The Usenet Oracle has pondered your question deeply. Your question was:

> Oh wise and mighty Oracle,
>       While watching the _old_ Batman series, this question arose:
>
>       We allways see the sounds of punches (Biff, Socko, Powie, Crunch,
> etc...) frontways (properly aligned for our point of view).  Does the
> Penguin see the words written backwards, or does he wear special
> glasses so that he sees the words written frontways instead?

And in response, thus spake the Oracle:

} Ah, gentle supplicant and patron of the Arts, the solution is a
} reasonably simple one for this, our Technological Age:  The villains in
} that show lost so often because they were distracted, looking for
} myriad reflective surfaces to catch a glimpse of how badly they might
} be doing, since, as villains in a kiddie show, they couldn't look down
} and tell by the amount of blood spurting.
}
} This is also why villains in more grown-up shows win more often, and
} why adults who watch these more bloody shows tend to be less literate,
} since they don't get the Sesame Street-like coaching to read simple
} words like "Biff!" and "Socko!" like watchers of more quality shows.
}
} You owe the Oracle a special Villain-detecting camera that tilts
} fifteen degrees when an arch-enemy approaches.

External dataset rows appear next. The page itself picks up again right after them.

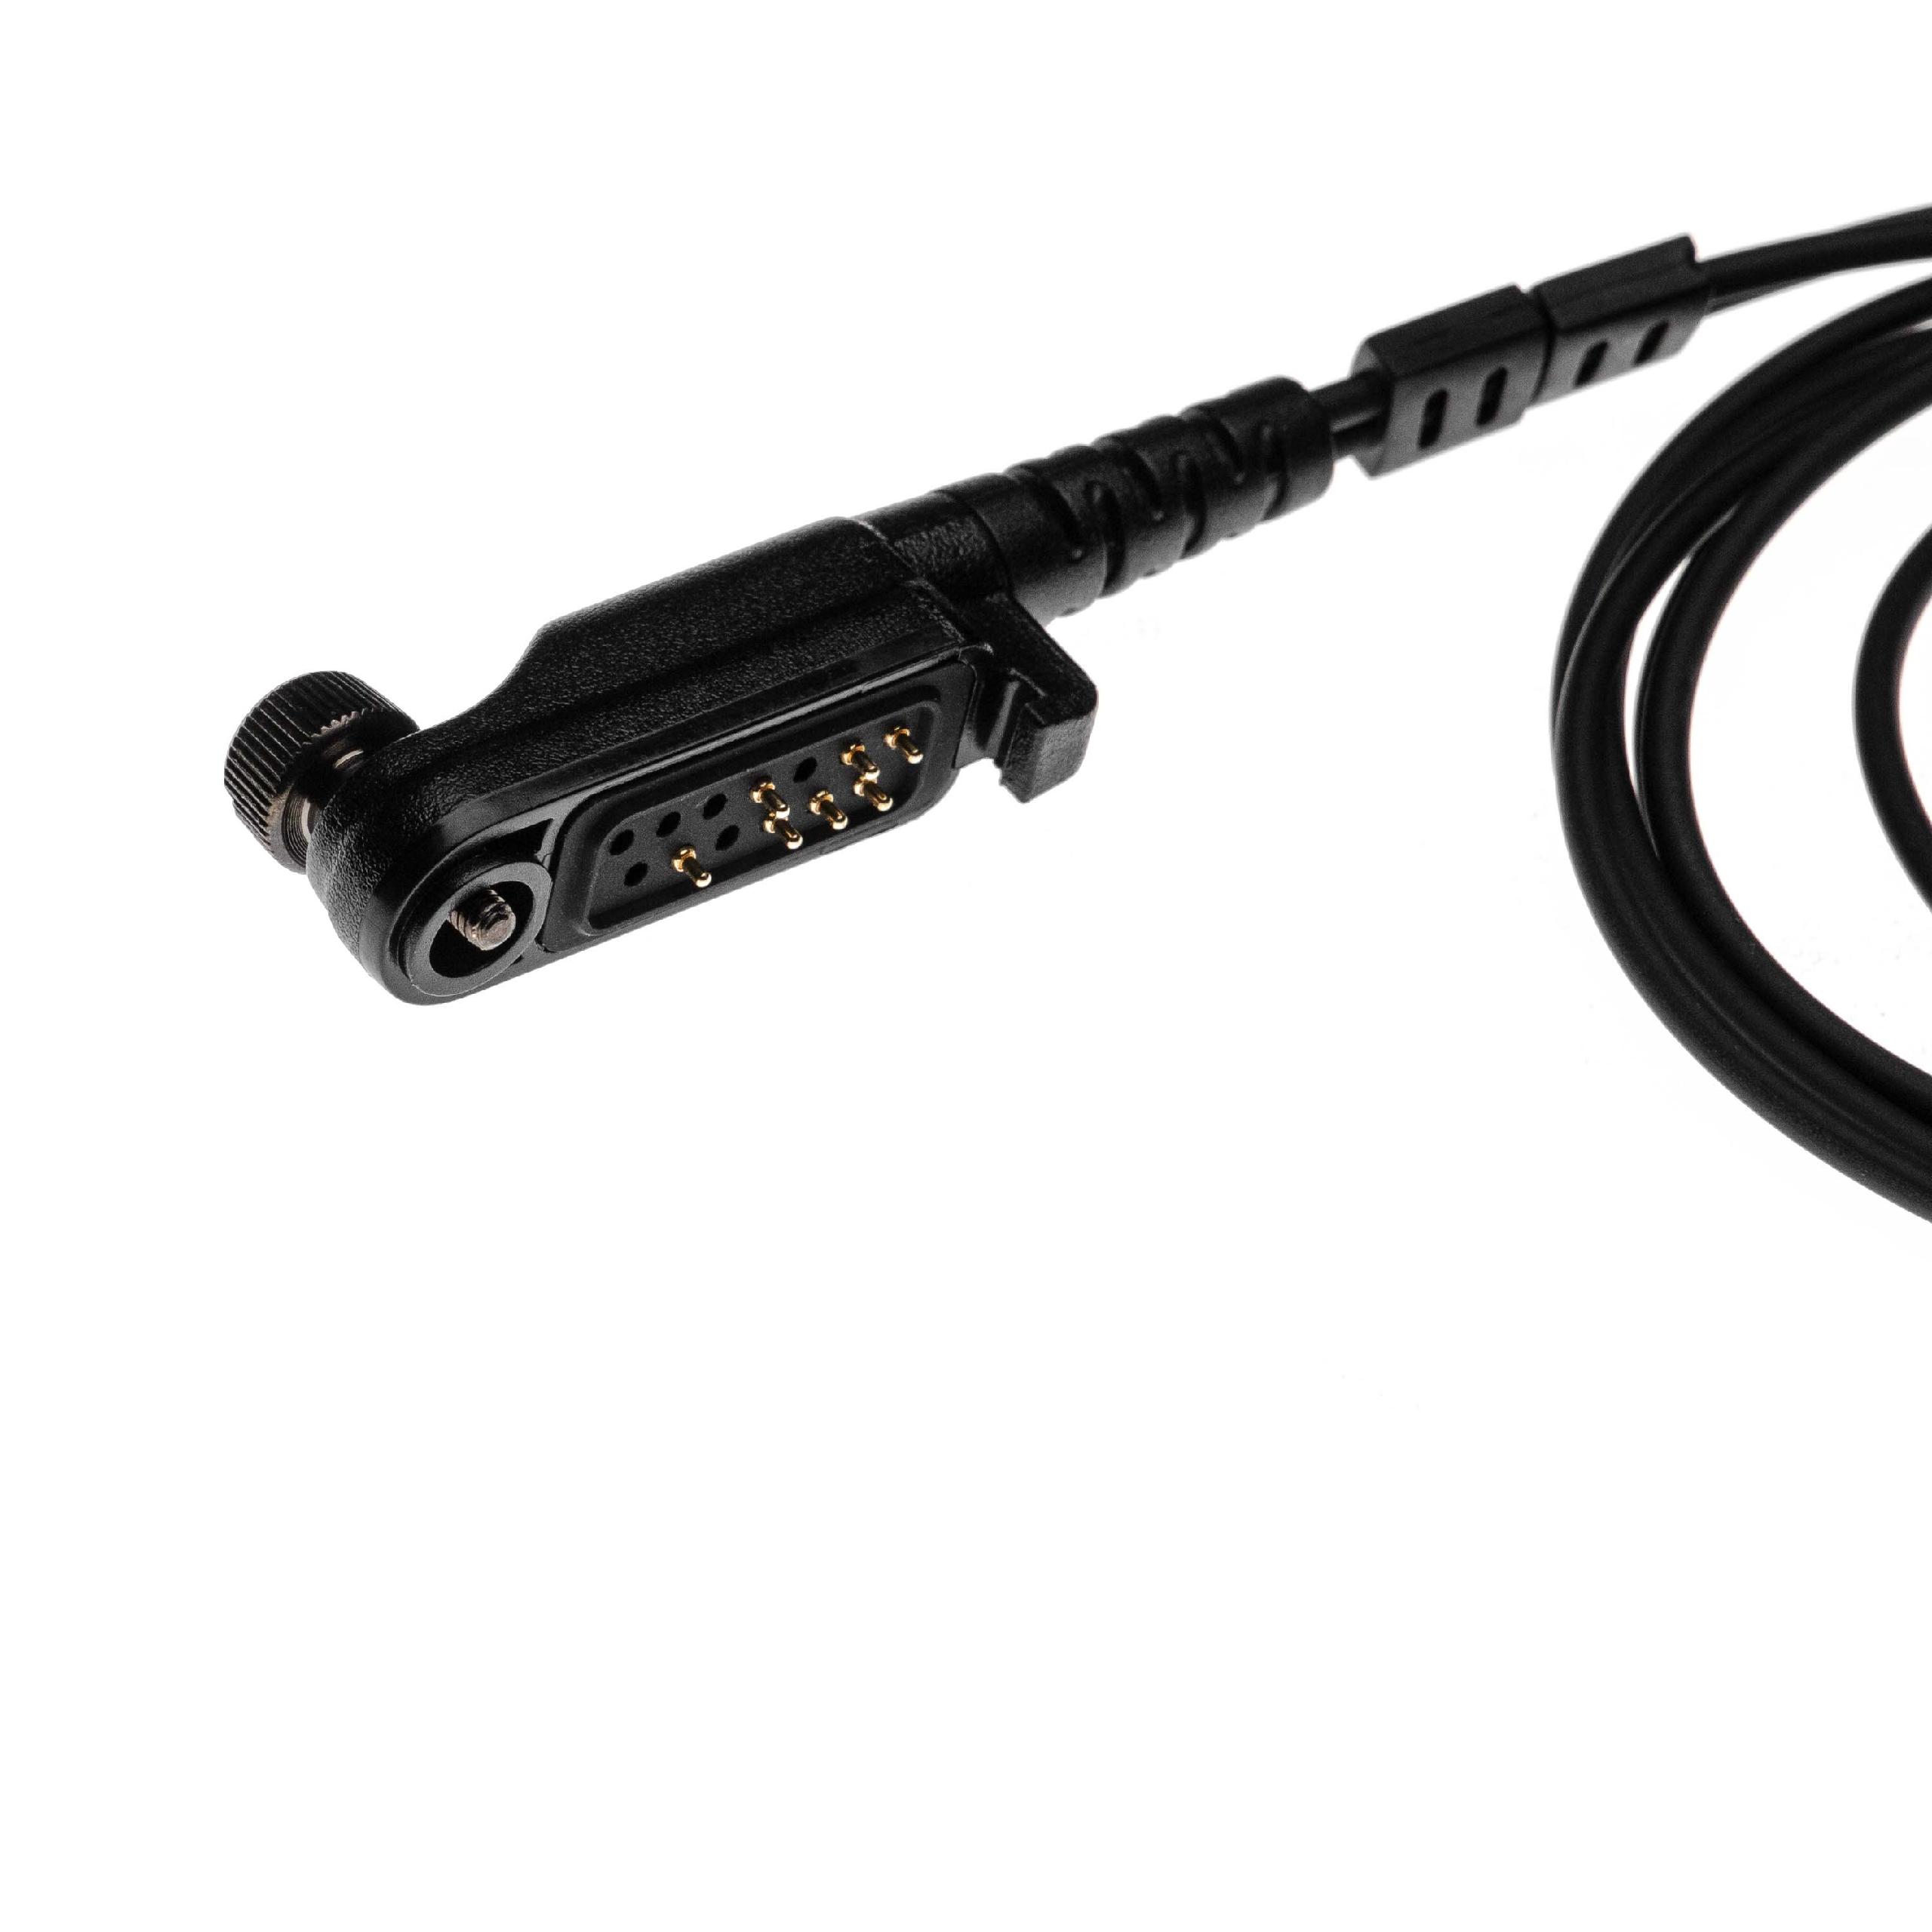 Auriculares para transceptor HYT/Hytera PD600 + micrófono push-to-talk + soporte clip + tubo acústico transpar
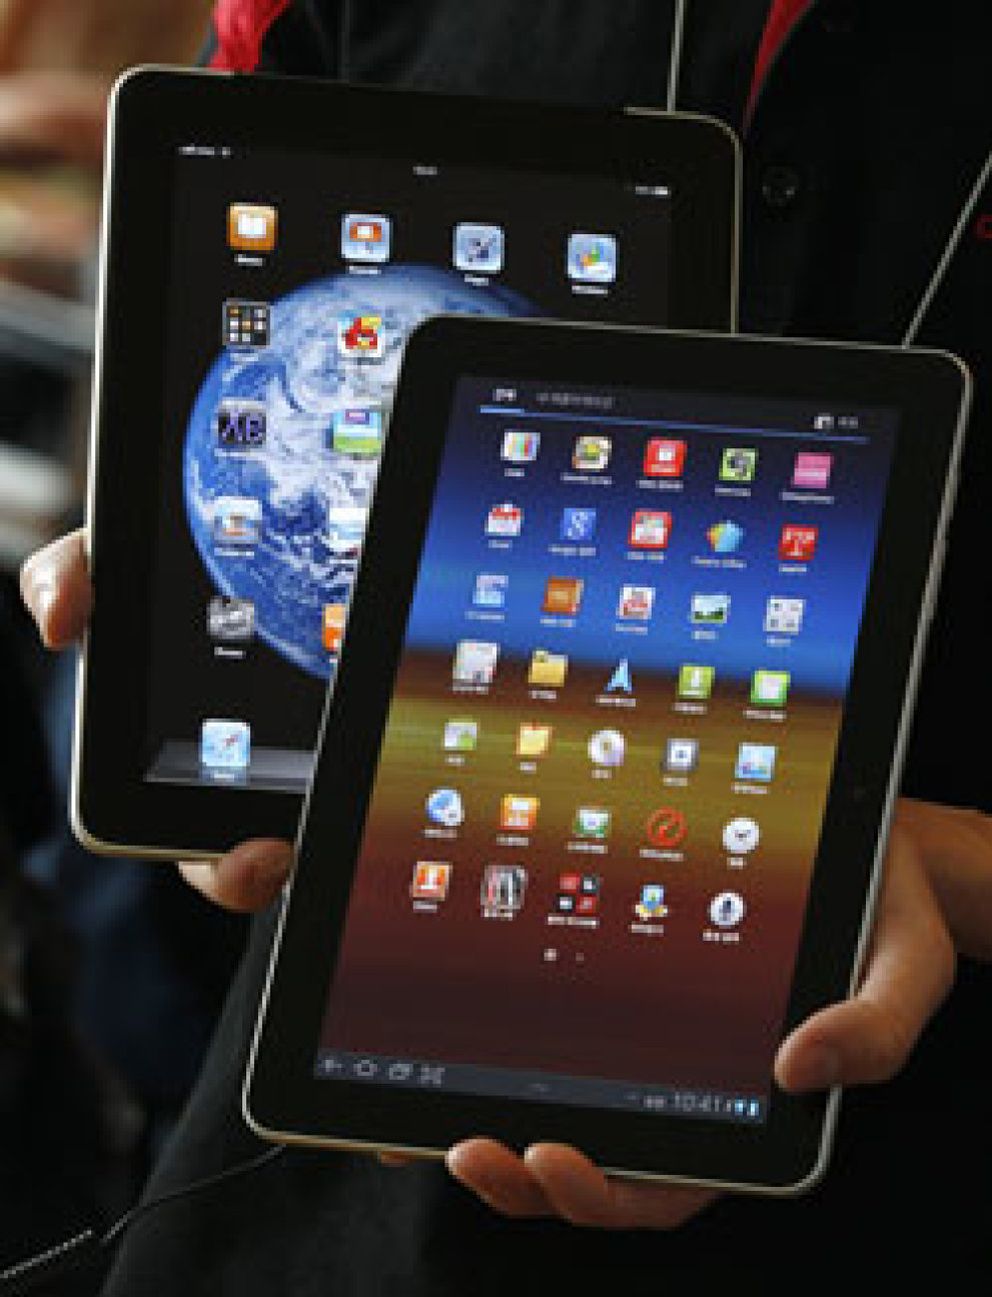 Foto: El sector de medios y ocio crecerá en España gracias a los 'tablets' y los móviles
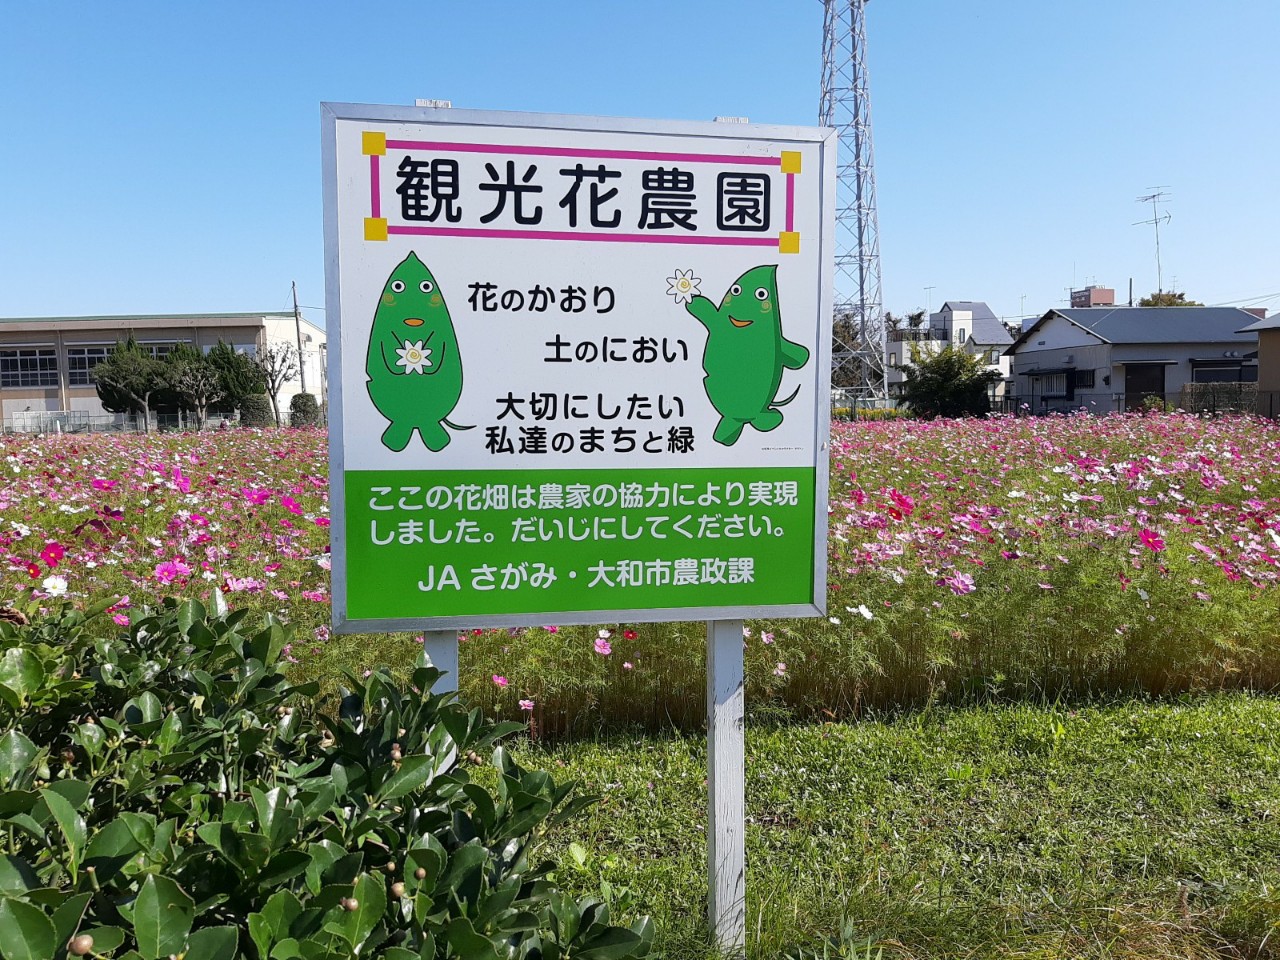 【大和市】観光花農園のコスモスがきれいに咲いてます

465-10    (77511 dist, 2.1 mean)
Selected-By: Todd Radel <radel@asel.udel.edu>

The Usenet Oracle has pondered your question deeply. Your question was:

> Oh wittiest creature in the megaverse,
>
>     I am but a comedian of the lowest order who crawls before your
> Magnificence, but I do kind of hope you can help me.  I'm trying to get
> this joke right:
>
>        This lady wants to get a guard dog, so she goes to a pet store
>     and asks to see what they have.
>        "I have just the thing," says the owner.  "We just got in a
>     Doberman who understands Unix commands."
>        "Unix commands?" says the lady.
>        "Yeah, watch."  So the owner hides a toy bone behind some boxes
>     and then calls out the Doberman and says "grep 'toy bone' store"!
>     And the Doberman sniffs around for a minute and finds the bone.
>        "Wow," says the lady.  "That's neat!"
>        "Yeah," says the owner, "but that's not all."  So he pulls out a
>     big old cinder block and puts it on the floor and then shouts
>     "split -4 block" and the Doberman gives the block a couple of
>     karate chops and breaks the cinder block into four-inch pieces.
>         "Ooooh!" says the lady.  "How about burglars?"
>         "No problem," says the owner.  He goes into the back and gets
>     out a life-sized dummy and hangs it on the wall, then shouts "rm -f
>     dummy!"  The Doberman leaps at the dummy and rips it into shreds in
>     about five seconds.
>         Well, the lady buys the dog and takes it home.  When her
>     husband gets home from work, he sees the Doberman and asks what on
>     earth it's doing there.
>         "We needed a guard dog," says his wife, "and he knows Unix
>     commands!"
>         "_Unix_ commands?!!" says the husband, and he looks
>     at the dog.  "Unix my ass!"
>
> I think there's something wrong with the punchline but I'm not sure
> just what?

And in response, thus spake the Oracle:

} Oh supplicant, a comedian is certainly what you are, for is it not true
} that the word "comedo" means "pimple"?  The punchline to this "joke",
} and I use the term loosely, should be obvious even to one such as you
} had you told the story correctly.  You neglected to include the fact
} that the wife's name is Effie, and that the husband has a nasty lung
} complaint necessitating a lot of coughing.  The final line, therefore,
} should read:
}
} "_Unix_ commands?!!" says the husband, and he looks at the dog.
} "<Ahem> high fun, Eff!  (My ass!)"
}
} You owe the Oracle Brad Templeton's head on a plate.